Sunday 10 April 2011

"Plain paper packaging"

is the government's latest idea for trying to reduce tobacco consumption. I doubt it will work. I detest cigarettes. I have never as much as tried to smoke a cigarette but I have consumed far too much of other people's cigarette smoke in my lifetime. Now it is much more acceptable than it used to be to politely ask other people not to smoke in confined spaces or to move away from children etc. But will plain paper packaging really do anything? The legislation will be challenged in the courts on the grounds that it is a restraint of trade. It is legal to consume tobacco therefore it must be legal to advertise it runs the argument. No doubt there will be much said and done before any decisions are made. All this however made me wonder about another sort of "plain paper packaging" though. The sort of plain paper packaging that goes under the name of "political correctness". All those decisions which have been made by governments in an attempt to modify our behaviour and thoughts about issues like smoking, drugs, race, religion, sex, climate change, home ownership, internet use etc etc. Plain paper packaging, we are told, is for our own good. It is plain paper packaging which has set one of our outspoken columnists on a collision course with the Racial Discrimination Act. Was what he had to say really insulting to a group of people many others see as political opportunists? If the court decides in their favour there will be major implications for freedom of speech in Australia. That the case is politically motivated is without question but the courts will have to decide what is allowed within the law and not what the motivation of the complainants might be. Plain paper packaging has already seen apologies made and ransoms handed over to those who see an opportunity to benefit. Plain paper packaging legislation allows governments to do great deeds. We now have Equal Opportunity Acts and Racial Discrimination Acts and laws relating to alcohol and cigarette consumption and homosexuality. Climate change is now a political issue rather than environmental one and more people have mortgages so they will be within physical reach of the wonders of in-home entertainment via the planned National Broadband Network. But it is all just the packaging - and things may be decaying underneath.

2 comments:

Anonymous said...

Fair comment... but the plain paper packaging on cigarettes is one more step in the battle against smoking... a baby step, perhaps, but a step forward. We are getting there, a bit slower than some would like, but we ARE getting there.

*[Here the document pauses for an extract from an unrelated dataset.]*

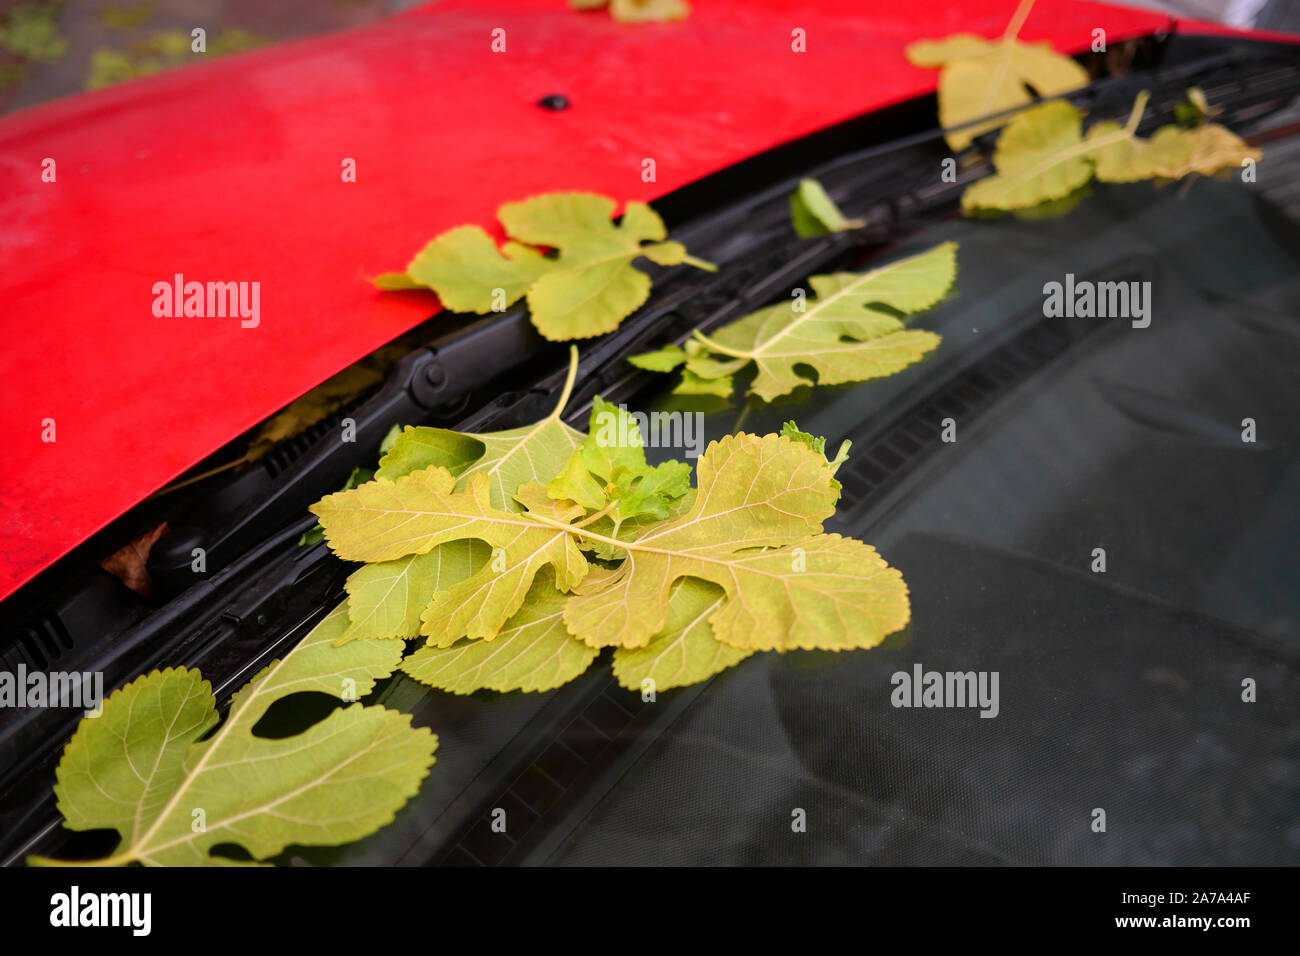 Autumn mood. Fallen yellow leaves on windshield and car wipers, of parked red car. Autumn concept. Close-up. Stock Photo

And it all adds to the negative feelings that are now linked to smoking, it all adds to the idea that smoking is not something attractive or something society tolerates. Even if the courts decide against the plain paper packaging, the debate being so public further adds to the idea that smoking is bad (and not in that new cool use of the word 'bad' that means good!)

Christine said...

It seems to me that most people who object to what is generally termed 'political correctness' are white, heterosexual and of European descent. Walk a mile in someone else's shoes, I say.